E-commerce transactions rely on relational databases that are reliable enough to ensure that customers avoid unpleasant experiences. One job of the relational database is to make sure transactions complete before allowing any changes that would affect that transaction (also to allow the transaction to recover if it's interrupted). For example, if an item's inventory indicates that there is only one item left, and two customers add it to their cart at the same moment, a relational database will allow only one customer to purchase the product. "ACID" is the set of standards that ensure transactions occur reliably, and is absolutely essential for e-commerce. The problem is that there has historically been somewhat of a tradeoff between ACID compliance and performance factors that are increasingly important with the rise of high-volume shopping holidays internationally. Clustrix was founded to solve this very problem with a highly scalable ACID compliant relational database.

Seasonal Scaling

In order to adapt to drastic changes in demand for system resources, the type associated with seasonal high-volume shopping holidays, a company must be able to scale in a straightforward way. The traditional approach to database architecture and providing for its underlying hardware is becoming too unwieldy for many applications.

Consider a typical approach to scaling relational databases, referred to as sharding. As additional hardware capacity is needed to support a growing database, the 'tables' of the database are broken up and moved to new hardware.
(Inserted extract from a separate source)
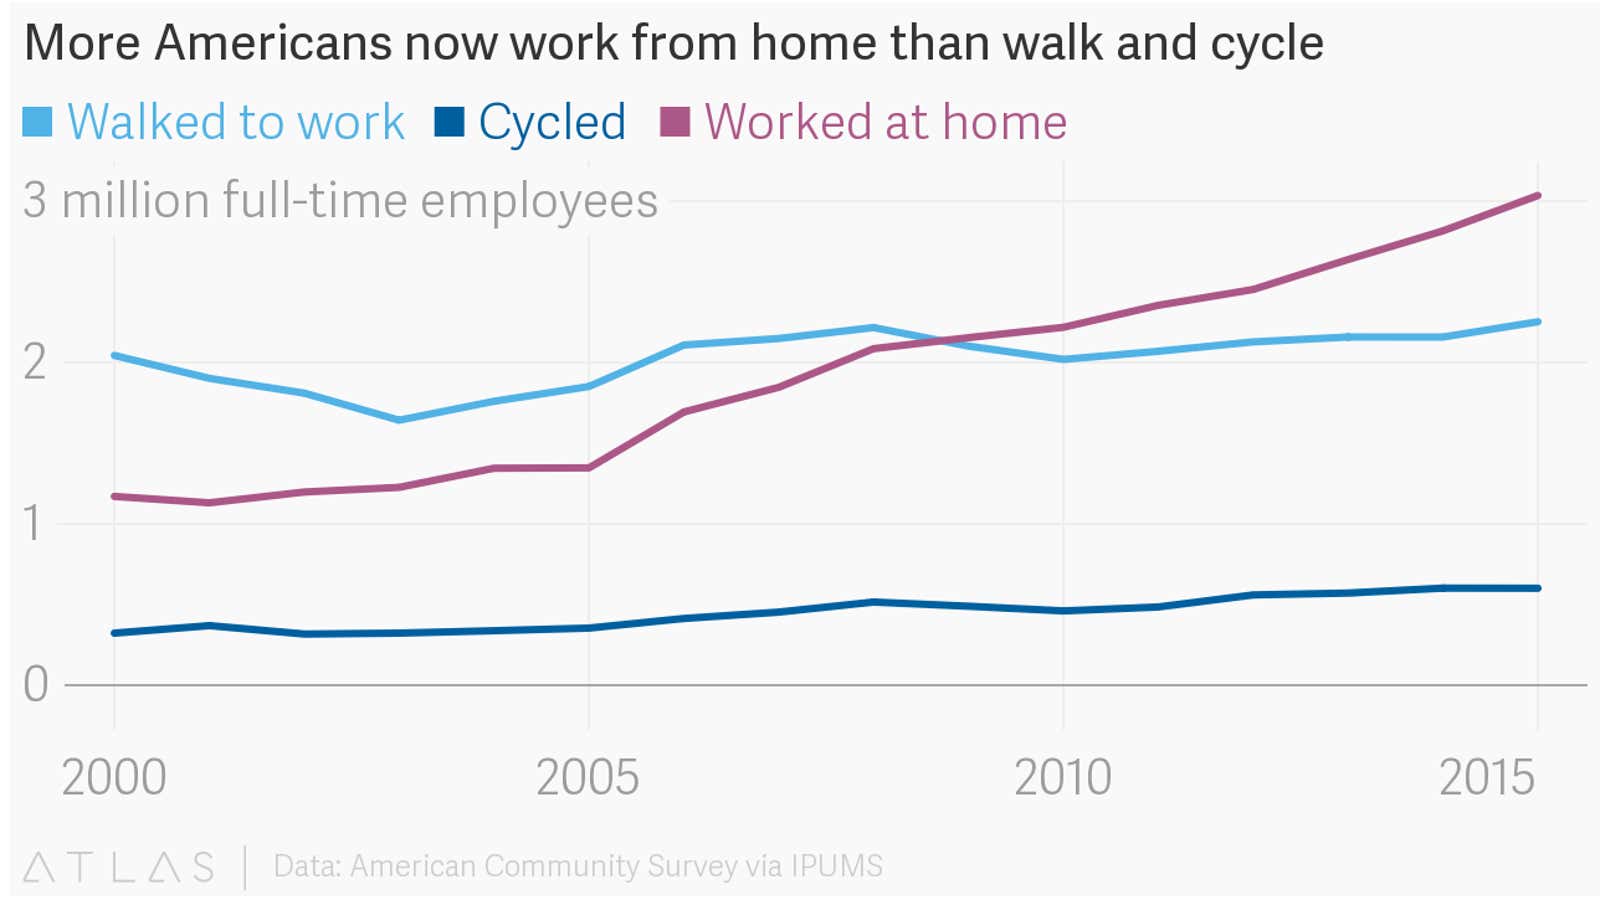 More Americans now work from home than walk and cycle

The e-commerce applications that run on top of the database must then be manually updated and told where the piece of data has been moved.

This cumbersome process and its counterparts in traditional relational database architecture do not lend themselves to adding capacity in advance of Black Friday or the Great Indian Shopping Festival and scaling capacity back when demand returns to normal after the holiday. The typical solution is therefore to maintain capacity year-round that is capable of handling seasonal spikes; an approach that is fundamentally inefficient and leaves large amounts of capacity unused for the majority of the year.

When selecting a database solution for e-commerce, retailers should keep in mind how these buying patterns are increasingly affecting loads on the database over the course of a year. A particular challenge is marrying the ACID compliance demanded by e-commerce transactions with the speed and scalability that can address seasonal changes in transaction volumes, but it is clear now that the assumption that these features are mutually exclusive no longer rings true. The social changes in buying patterns are putting increasingly untenable strains on traditional approaches to e-commerce databases, requiring the industry to address the problem competently.